Please retype the listing below exactly as it stands, skipping any pictures.

> DATA SEGMENT:
━━━━━━

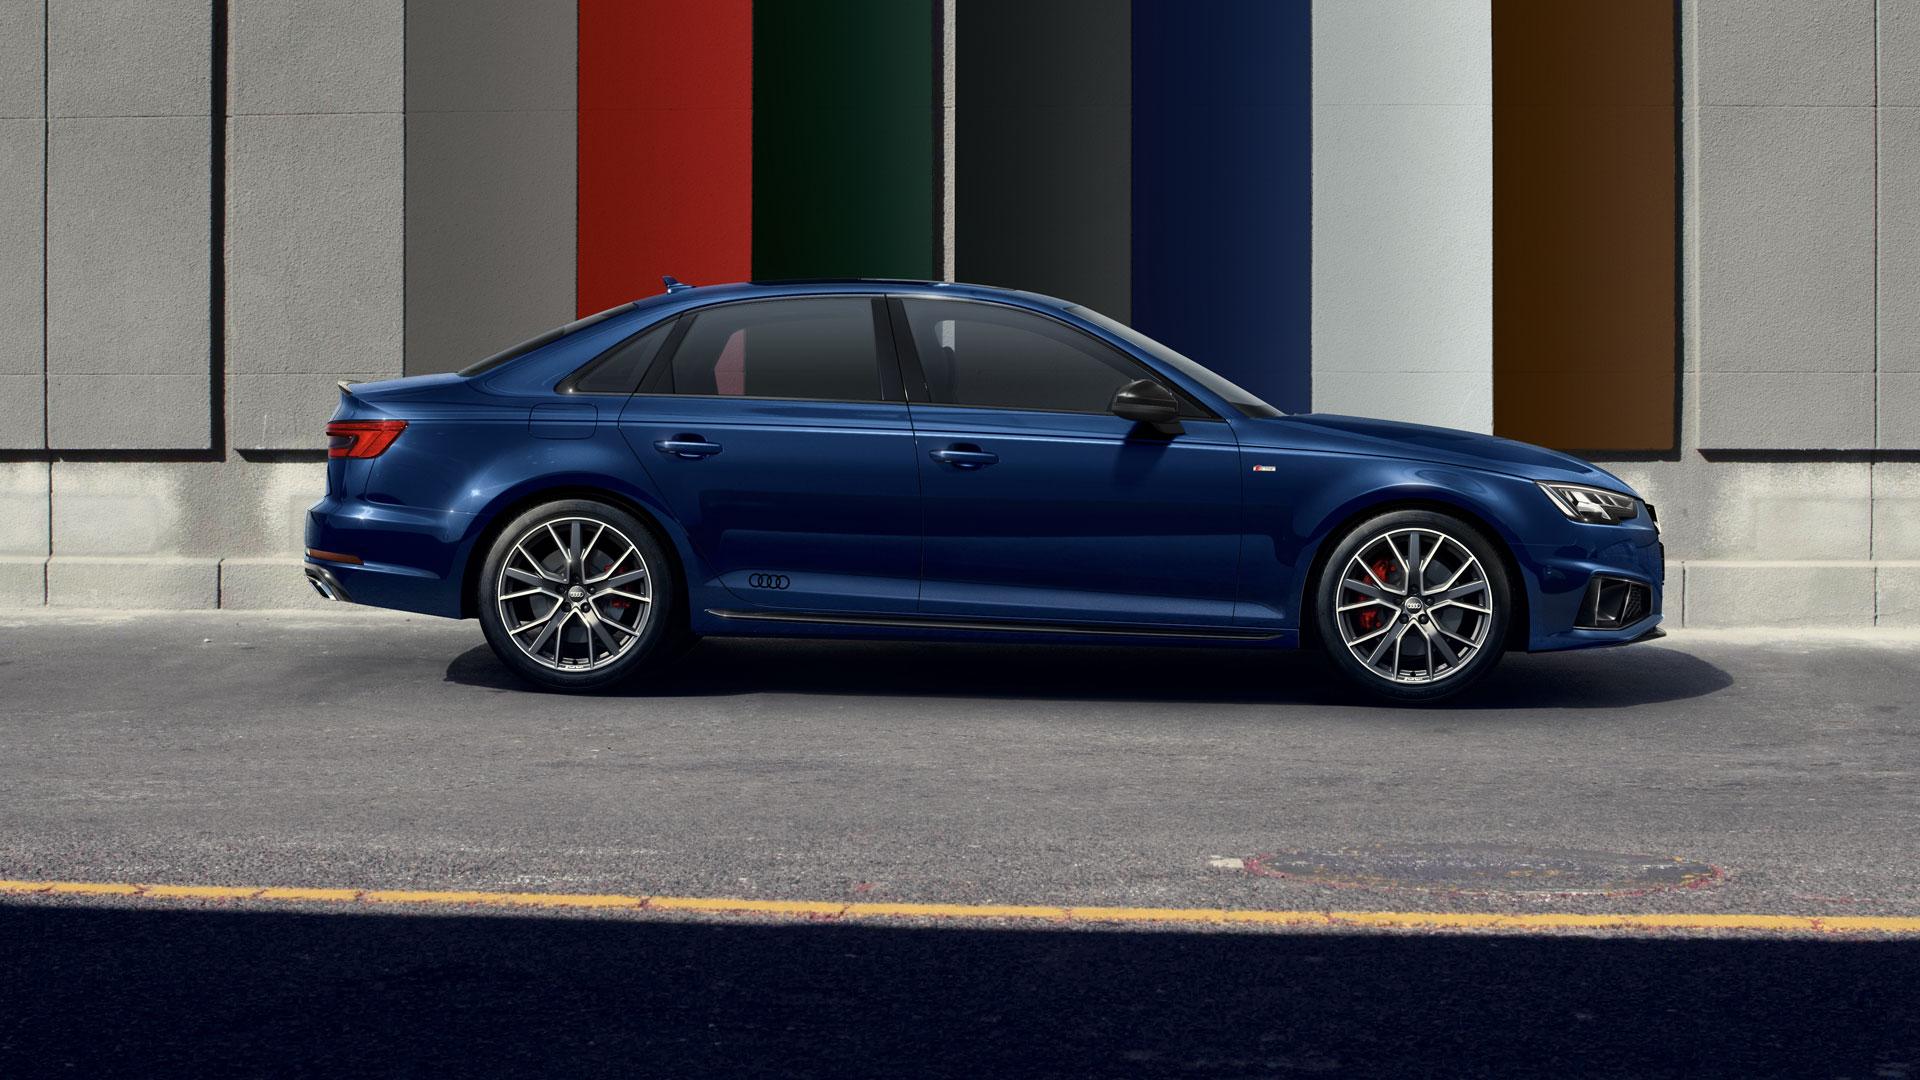 All New Audi A4l A4 Faw Volkswagen Audi Vorsprung Durch Technik
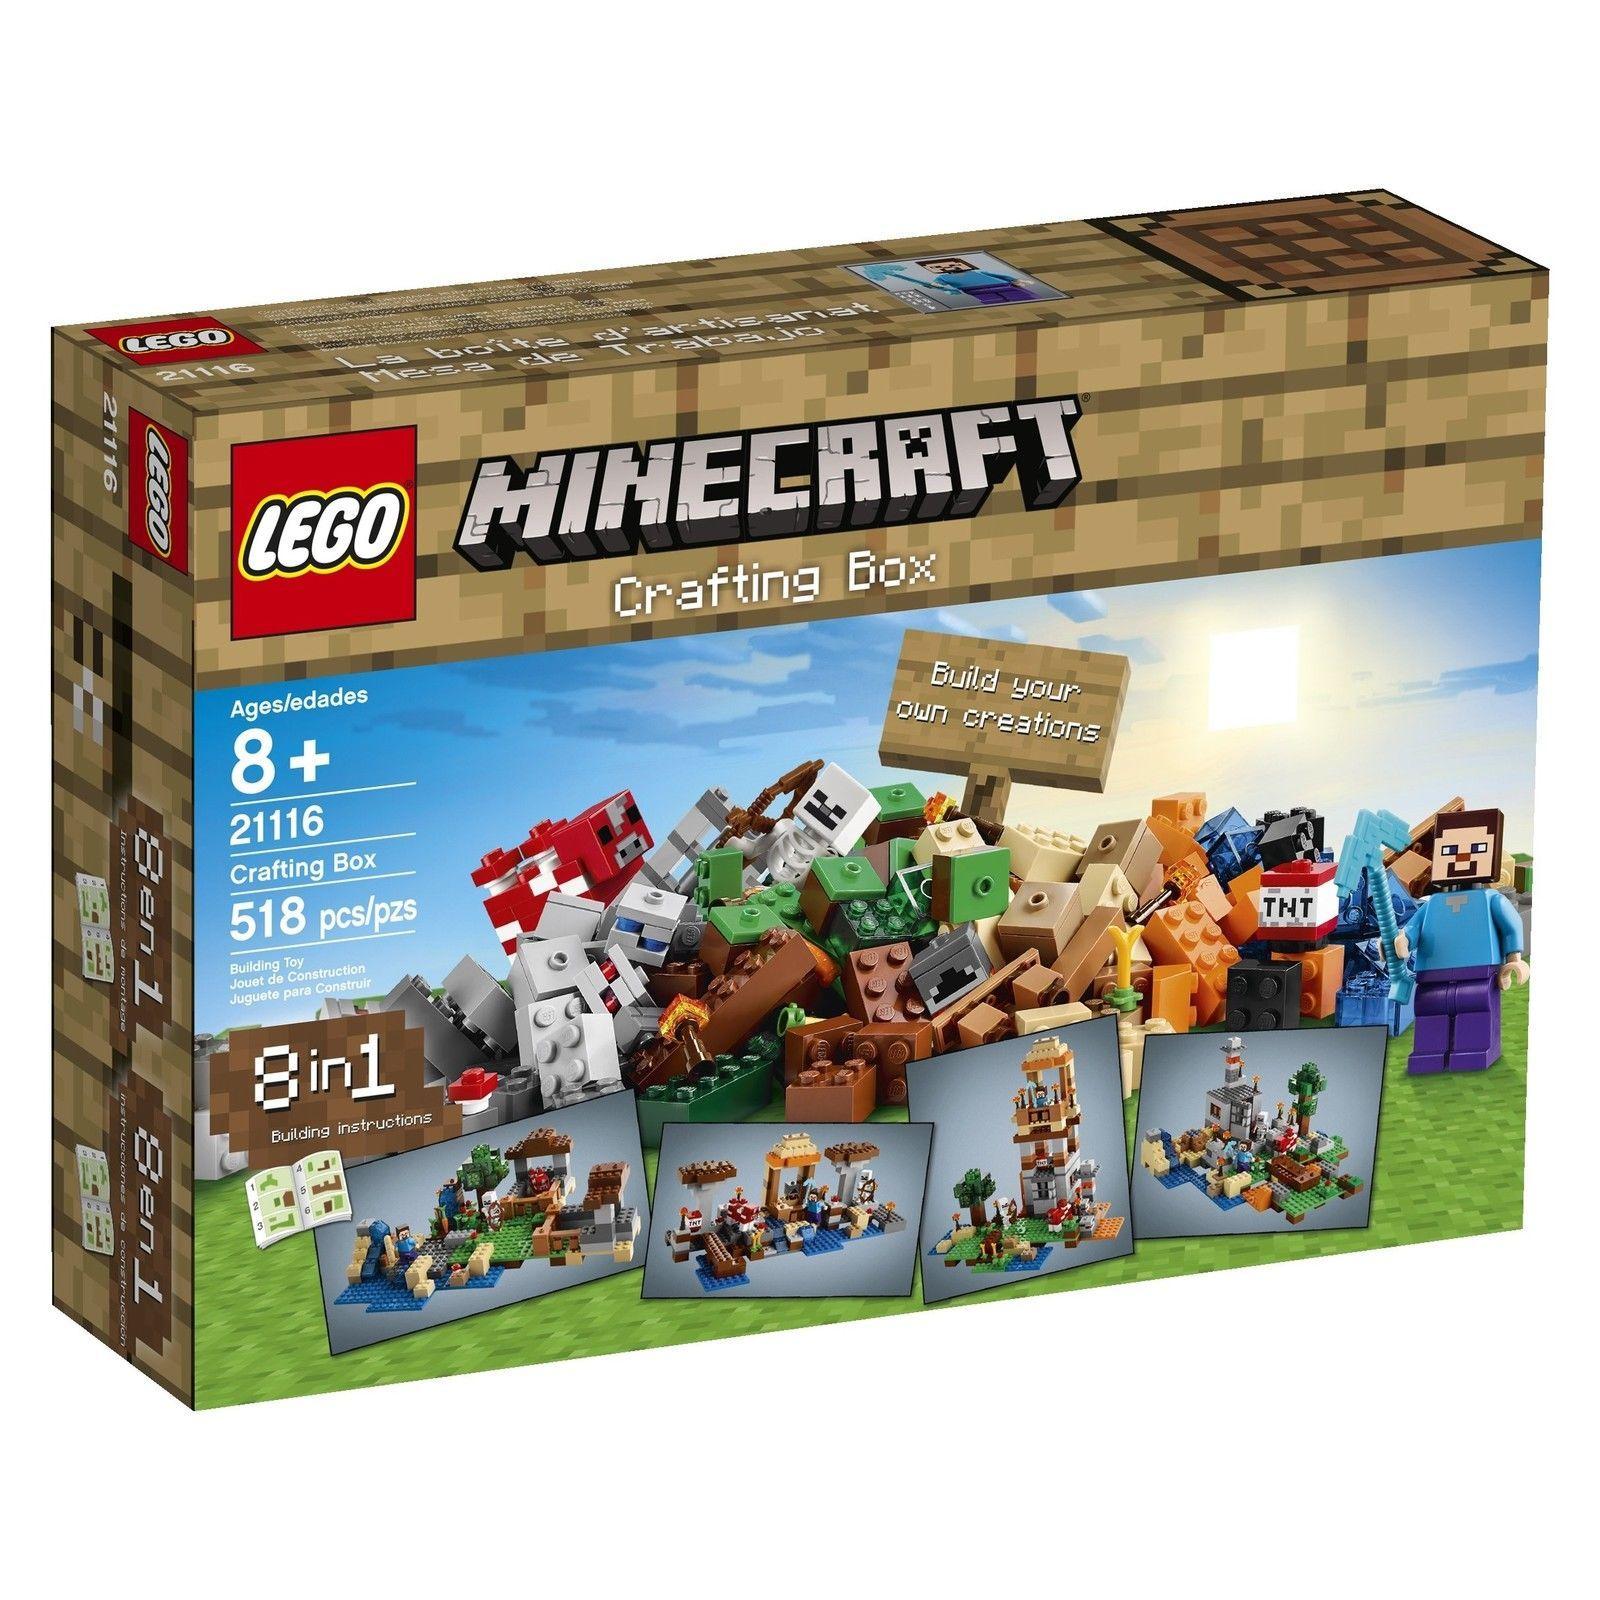 LEGO Minecraft 21116 Crafting Box [New] Building Set
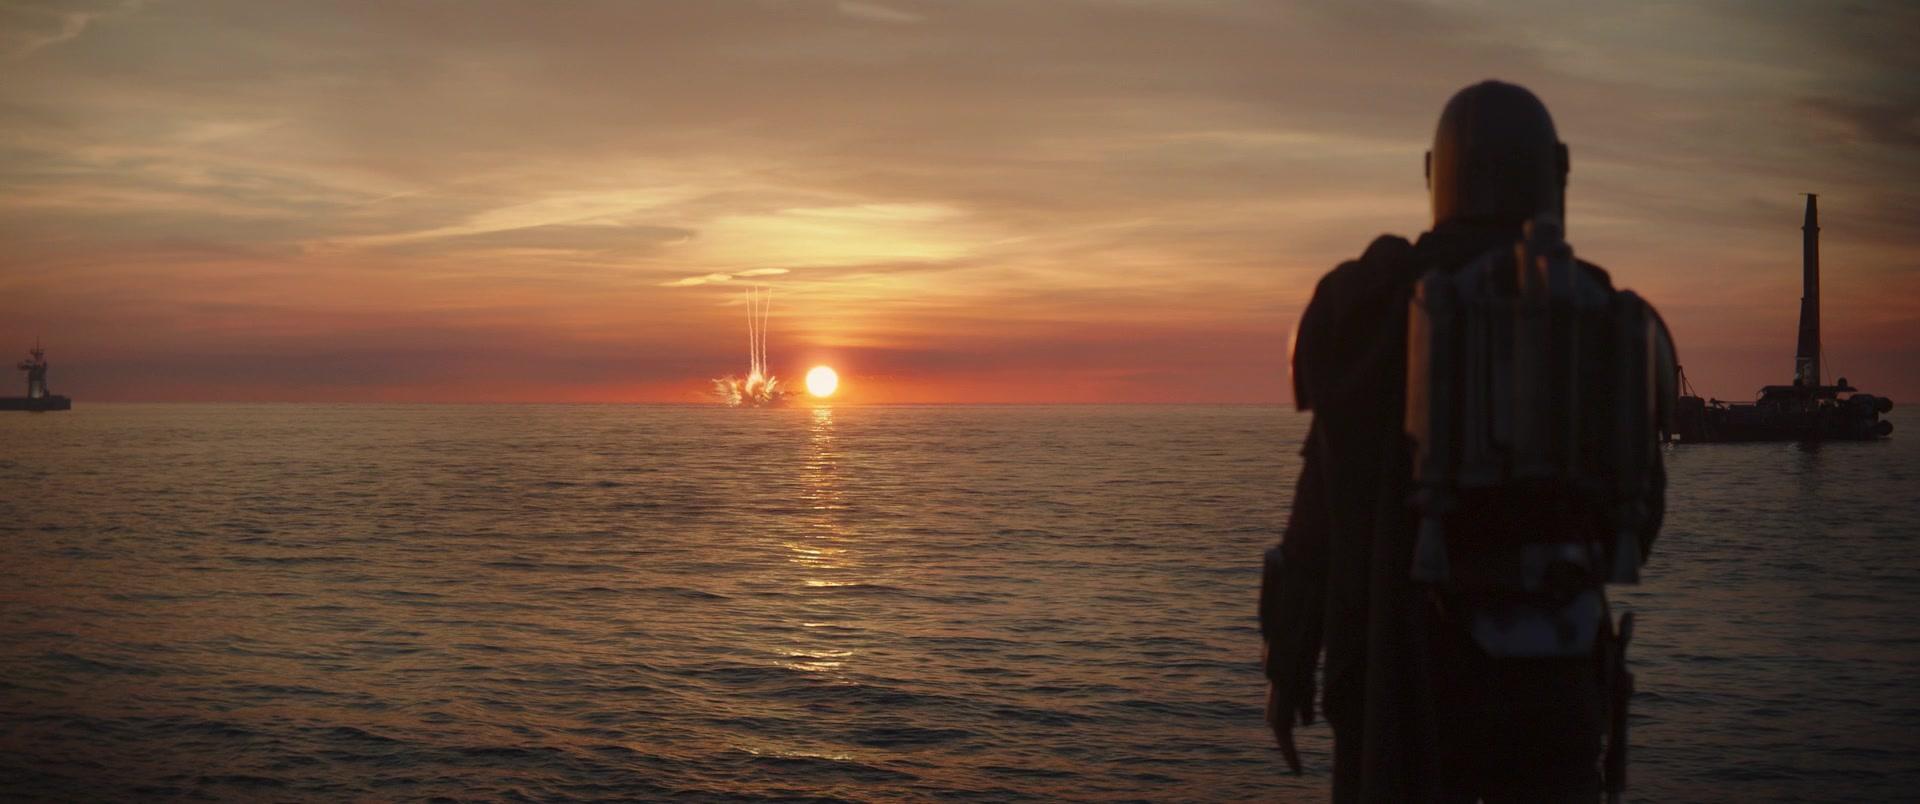 star wars series the mandalorian chapter 11 boat explosion din djarin

━━━━━━

> TASK ANSWER:
 All New Audi A4l A4 Faw Volkswagen Audi Vorsprung Durch Technik
 LEGO Minecraft 21116 Crafting Box [New] Building Set
 star wars series the mandalorian chapter 11 boat explosion din djarin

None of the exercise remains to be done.